Sub-fab environments, containing gas distribution, vacuum pumps, chemical supply and exhausts supporting wafer processing equipment, are critical facilities for semiconductor fabs. Despite extensive digitalization in the industry, Monitoring and Maintenance of sub-fabs still involve a significant amount of manual intervention. Applications such as valve operation, monitoring of analog flow sensors, pressure sensors for gases etc. require human presence, despite the hazards of toxic gases and pressurized fluids. The large footprint and complexity of this infrastructure adds to the challenge of detecting and resolving system issues.
We propose a method to develop 3D Digital Twins for Sub-Fab facilities. The key enabler for this is a Robot platform that contains sensors such as RGBD and LIDAR, and audio sensors moving autonomously through the sub-fab, and developing context-aware 3D models of the entire environment using Semantic SLAM techniques. Through this process, critical infrastructure identifiers (such as Hazard symbols and Pipe Flow directions) and physical devices (analog pressure/flow gauges, valve actuators etc.) are localized and their output values tracked, creating Position-linked Telemetry. By combining this spatial information with Floor Plans and aligning it with point clouds collected from Building Information Models (BIM), we construct a digital twin of the sub-fab environment. The robot subsequently uses this 3D Digital Twin to traverse through the facility, using the mapped device positions to track sensor data for remote data reporting.

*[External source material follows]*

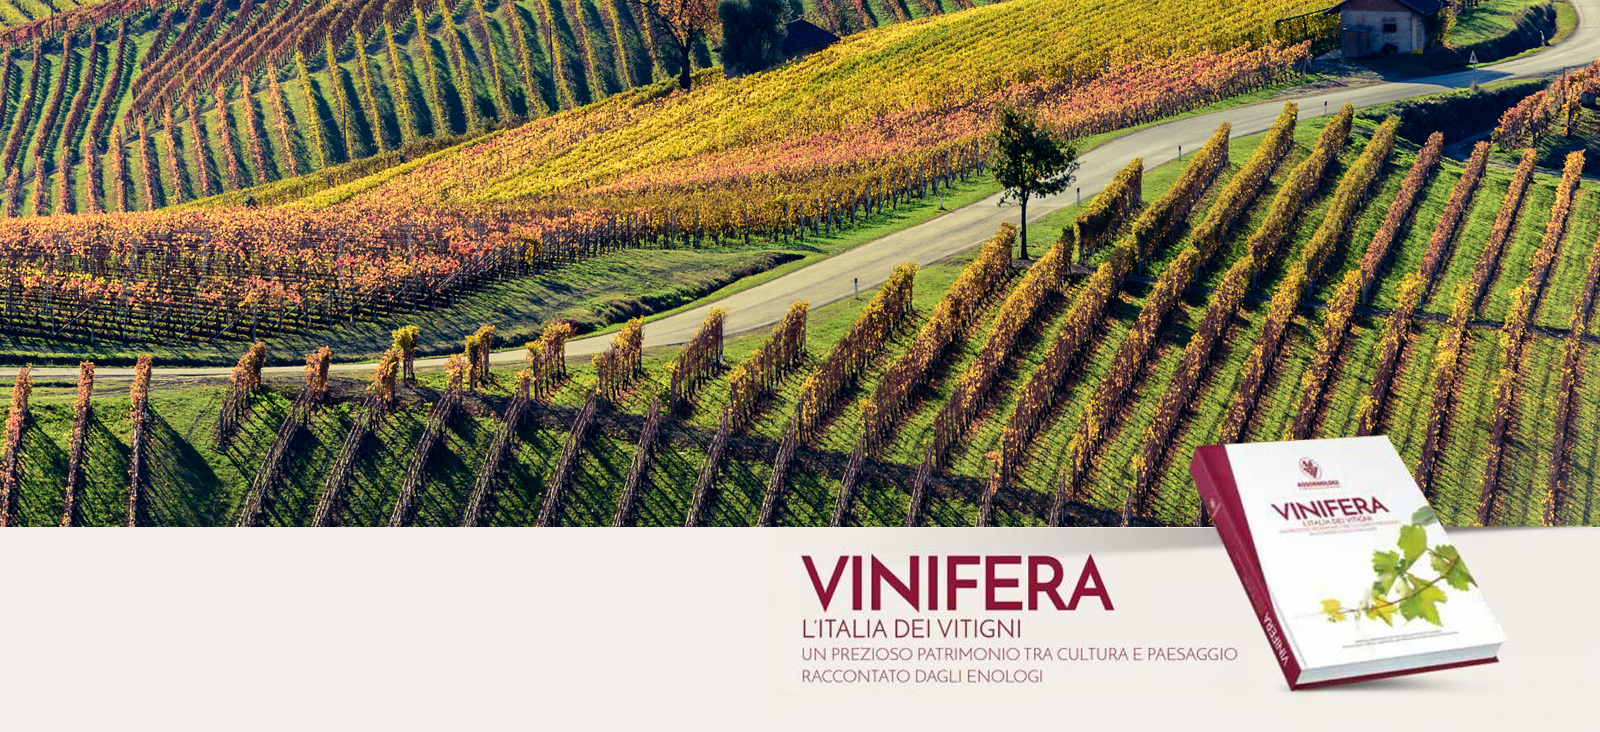 Vinifera - Guida ai vitigni d'Italia
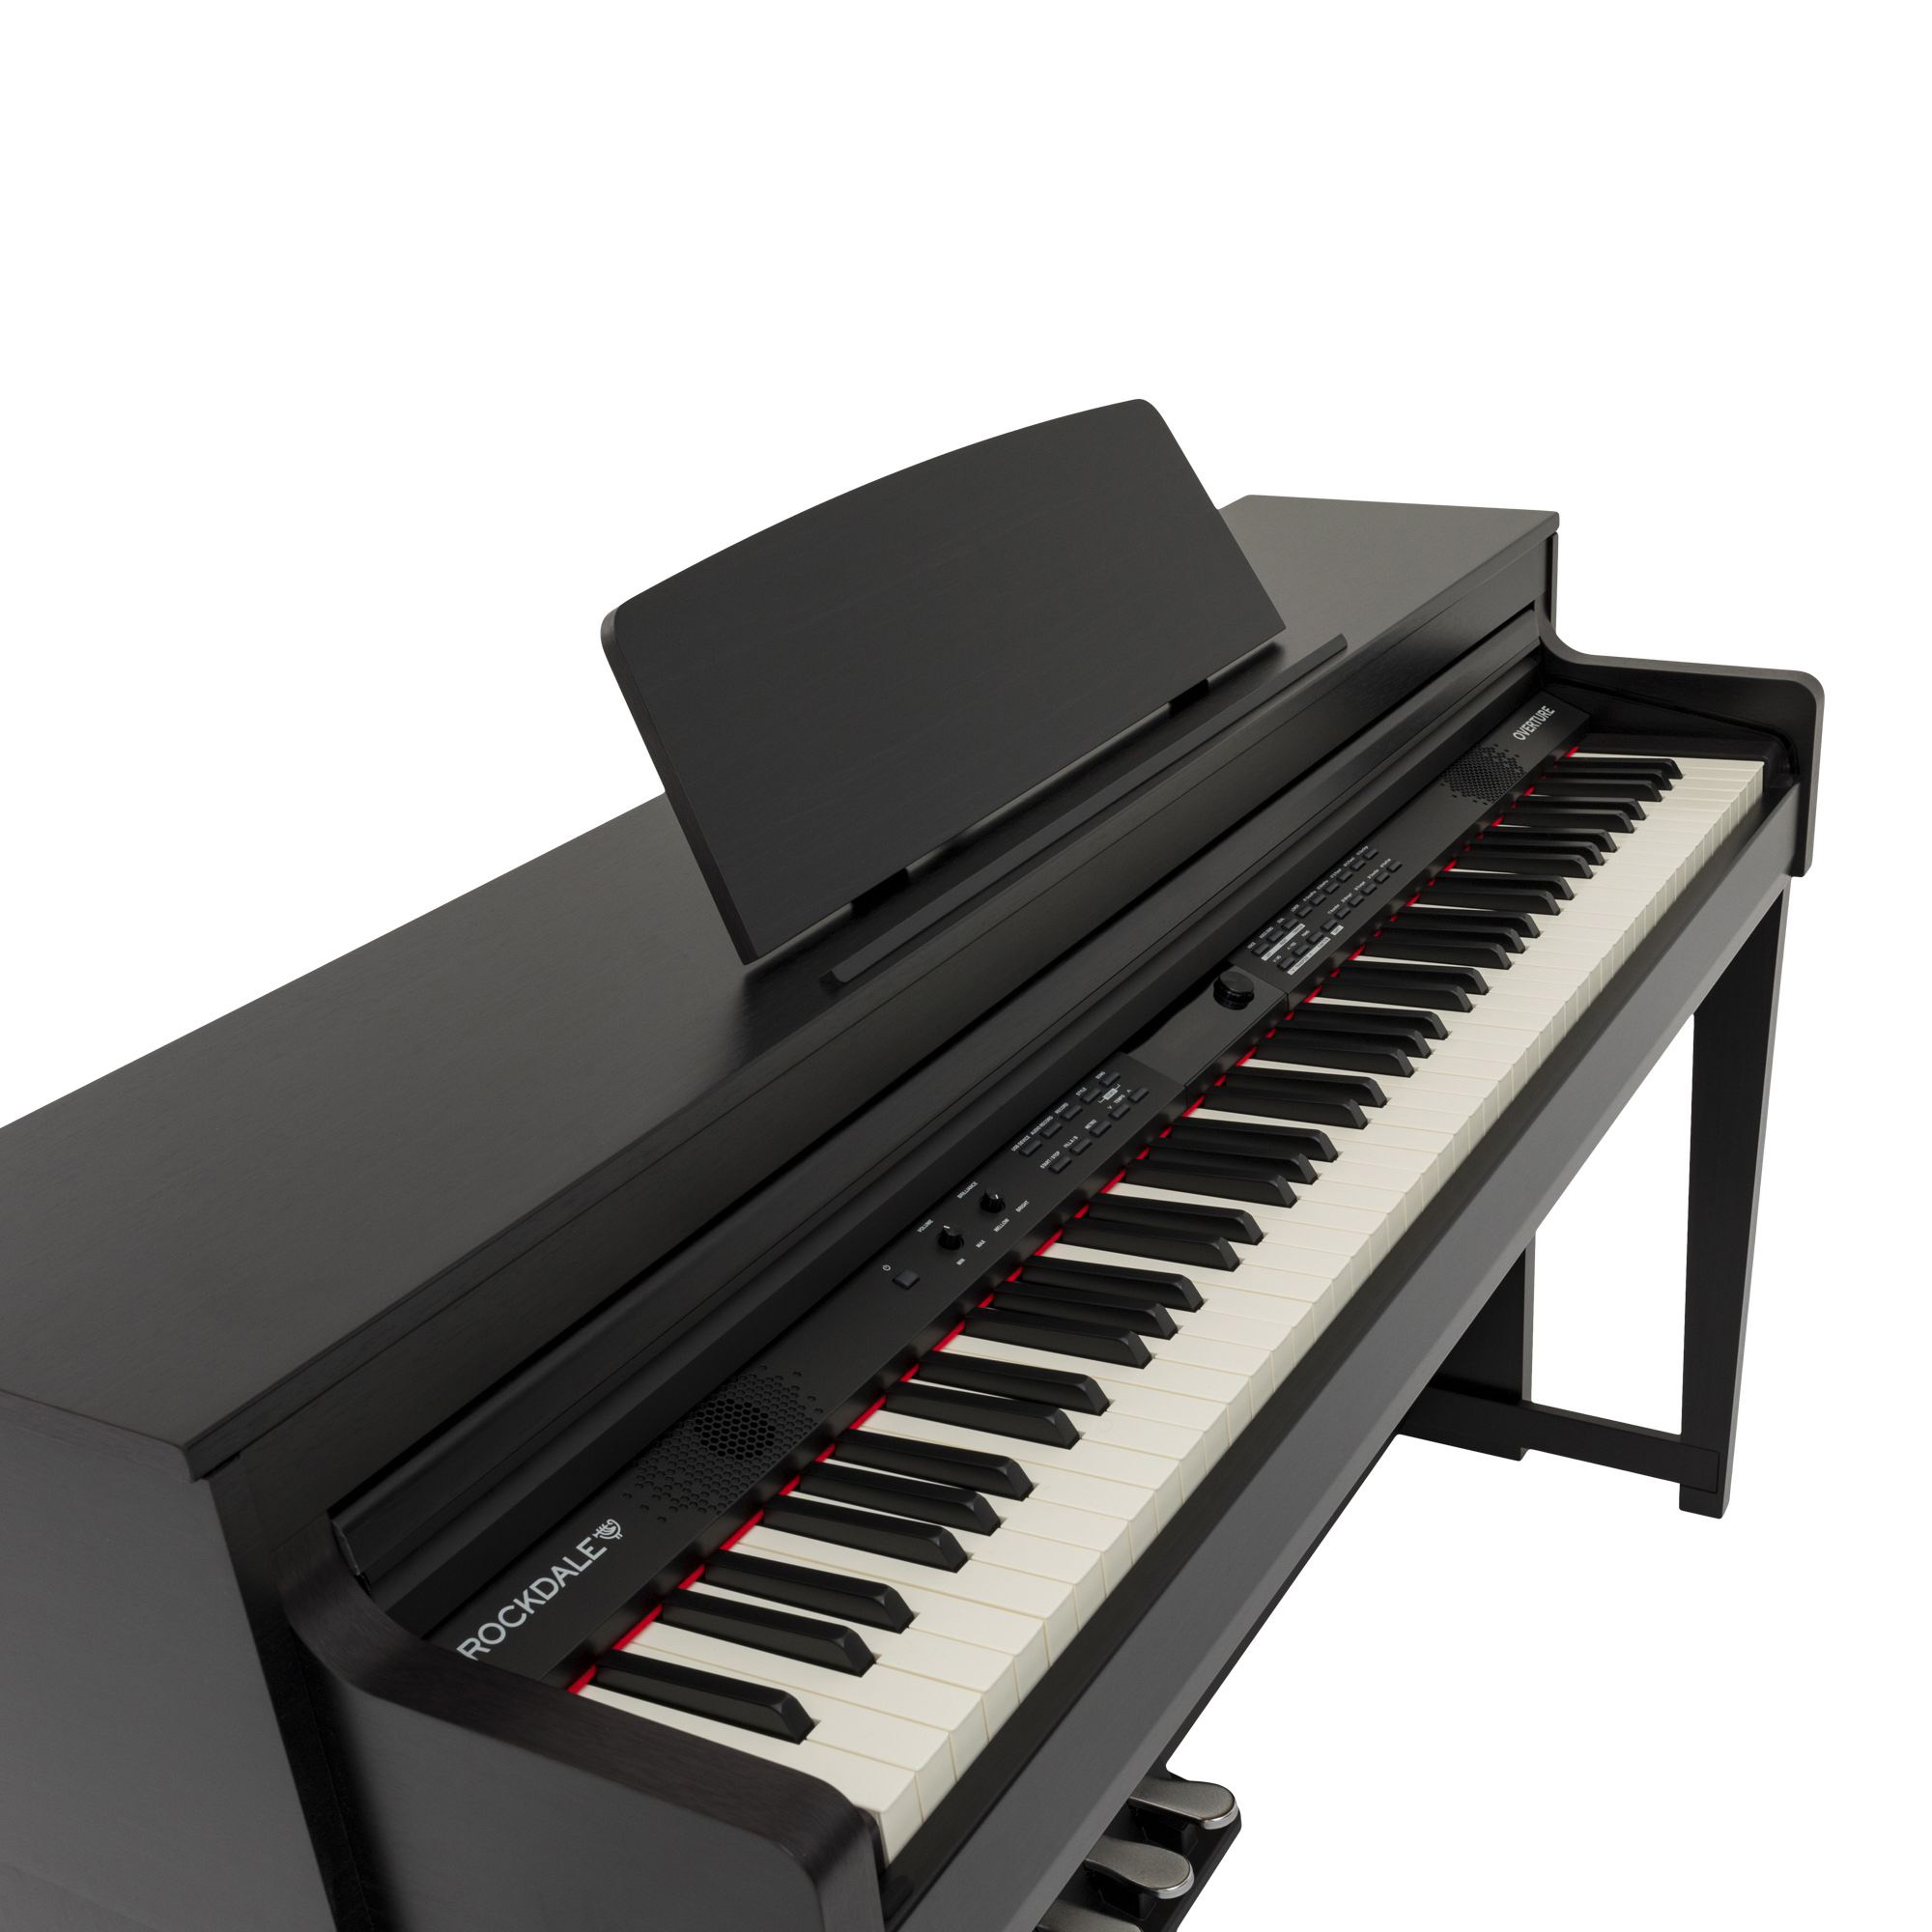 Rockdale Overture Rosewood Цифровые пианино

Considering the large-scale, evolving nature of sub-fabs, enabling near real-time, remote inspection linked to physical positioning has potential to improve both human safety and efficiency in sub-fab operations. Linking this data through SEMI E167, which involves sub-fab to fab communication, would provide a concrete link between sub-fab inspection and maintenance and the rest of the enterprise. The Digital Twin and the Robot platform opens further avenues for investigation into localization of visual and audio anomalies of equipment, to identify causes based on existing Piping & Instrumentation Diagrams (P&ID).